Elisabeth Krimmer is Professor of German at UCDavis, California. She has published widely on the representation of war, gender issues and film in German literature and culture from the eighteenth to the twentieth century. Selected publications: Contemporary Hollywood Masculinities: Gender, Genre, and Politics (2011, co-author Susanne Kord), The Representation of War in German Literature from 1800 to the Present (2010), In the Company of Men: Cross-Dressed Women Around 1800 (2004) and Hollywood Divas, Indie Queens, and TV Heroines: Contemporary Screen Images of Women (2004, co-author: Susanne Kord).
Historic Royal Palaces London
Joanna Marschner is senior curator at Historic Royal Palaces, London.
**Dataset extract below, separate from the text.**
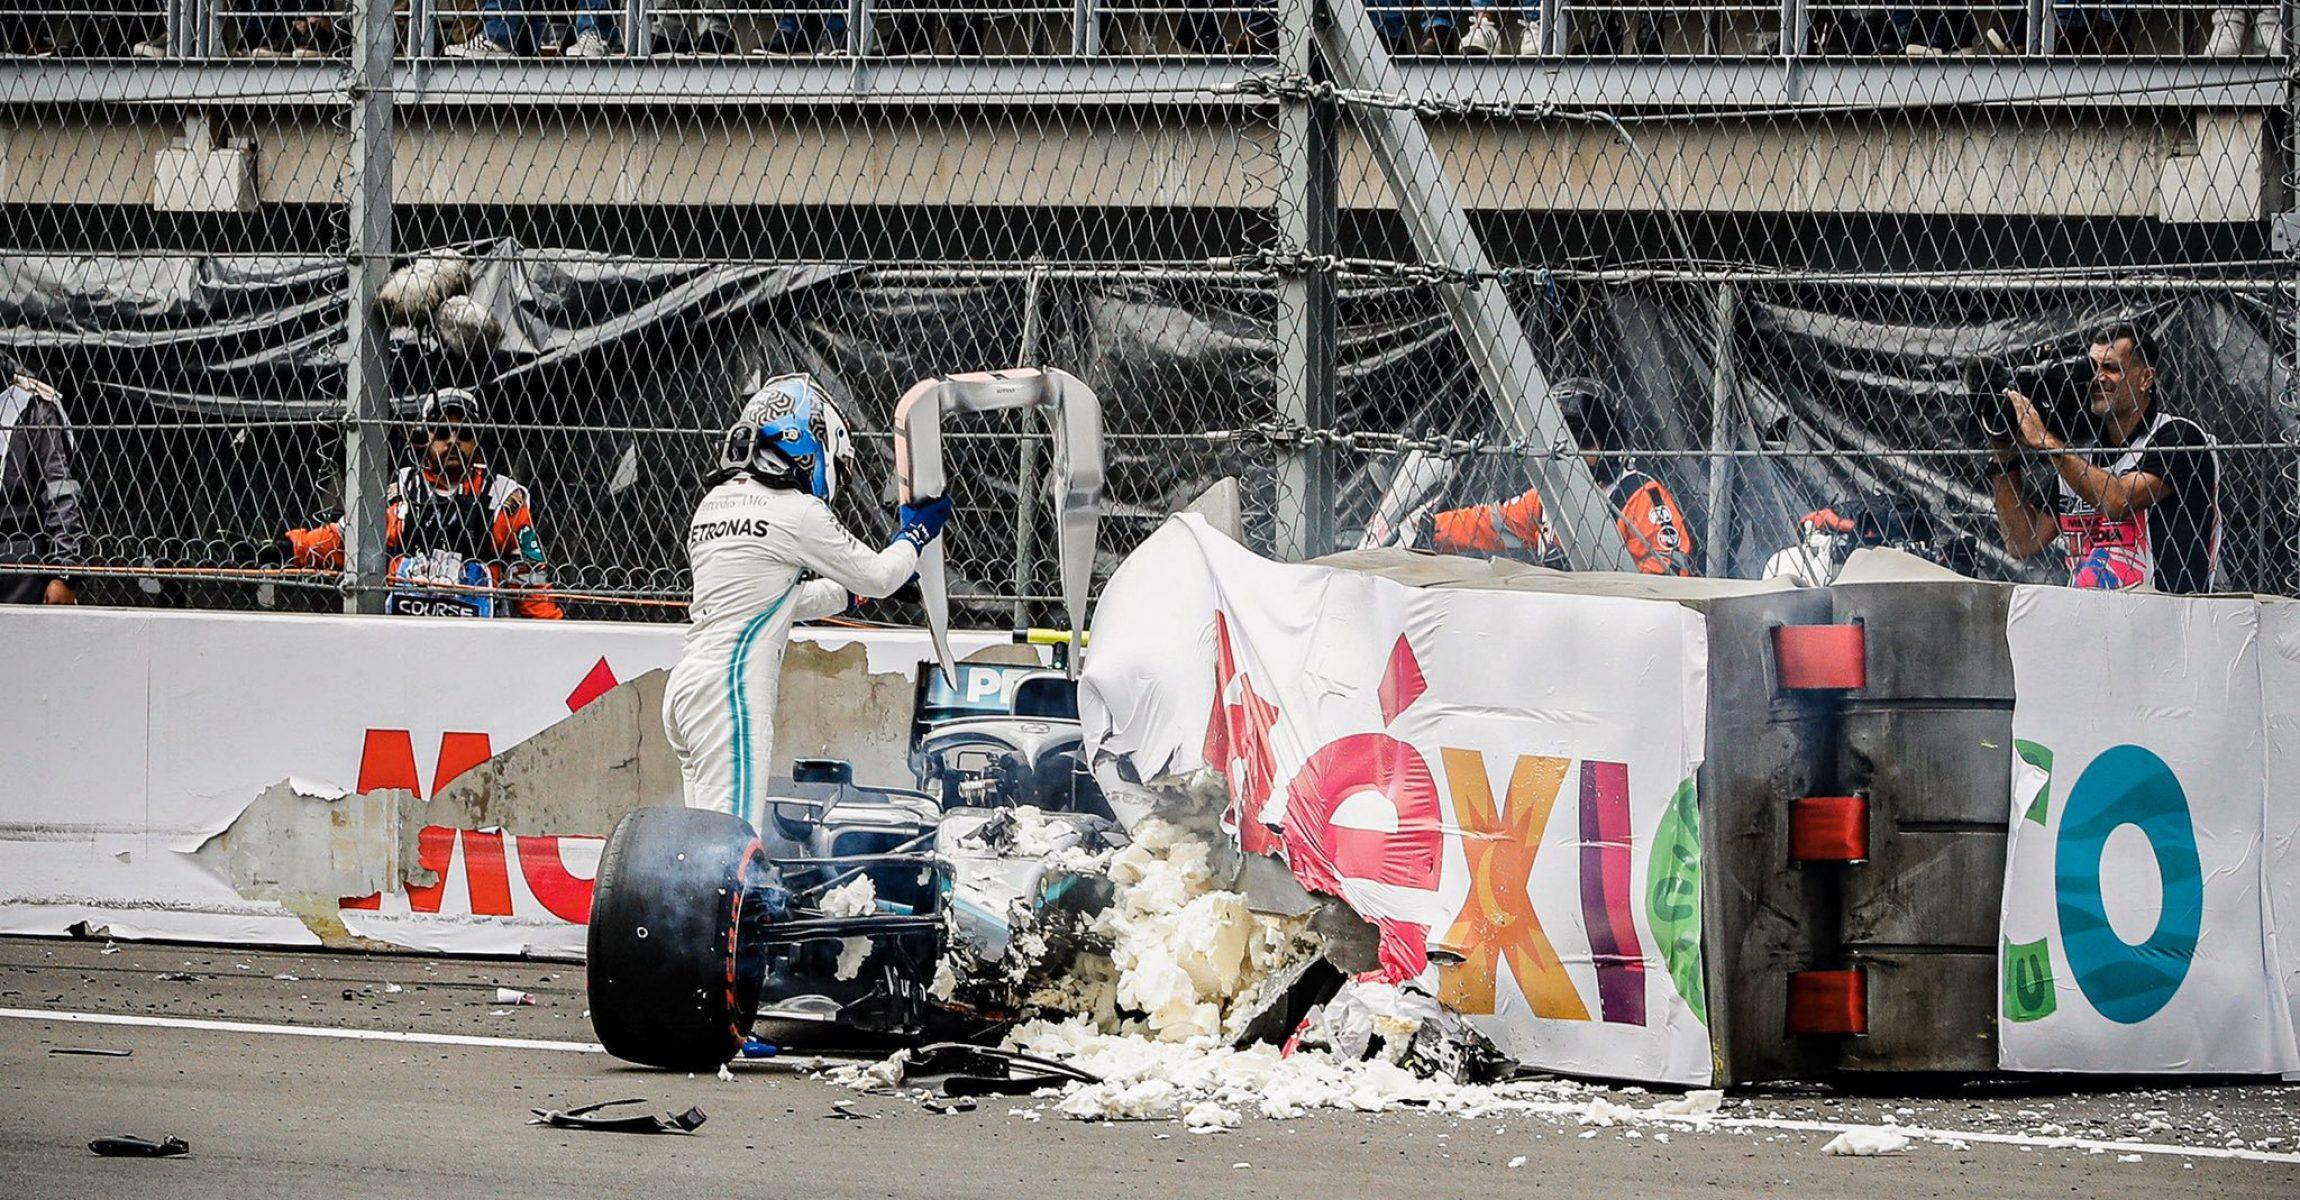 Valtteri Bottas Crash, Mercedes

In 2014 she published the study Queen Caroline: Cultural Politics at the Early Eighteenth-Century Court, which explores Caroline’s significant contributions to the arts and culture of her days. Marschner is the lead curator of the exhibition ‘Enlightened Princesses: Caroline, Augusta, Charlotte and the Shaping of the Modern World’, which is currently shown at the Yale Center for British Art and will be on view at Kensington Palace, London from June to November 2017.
Maria Cristina Quintero
María Cristina Quintero has been teaching at Bryn Mawr College, Pennsylvania since 1993 where she is Professor of Spanish and co-director of Comparative Literature and Romance Languages. The primary focus of her teaching and scholarship is Spanish theater and lyric of the so-called ‘Golden Age’, with particular concentration on gender issues and women writers. Recent publications include Gendering the Crown in the Spanish Baroque Comedia (2012) and the co-edited volumes Beyond Spain's Borders: Women Players in Early Modern National Theaters (2017) and Perspectives on Early Modern Women in Iberia and the Americas (2015).
Judith Vega is Lecturer in Social and Political Philosophy at the University of Groningen, The Netherlands. Her research generally addresses issues at the intersection of politics and culture, ranging from democracy theory, citizenship and the public sphere, freedom of speech, art and politics to feminist philosophy. She has co-edited the volume titled Cultural Citizenship in Political Theory (2012) and is the author of Isabelle de Charrière en de kritiek van de Verlichting (2005).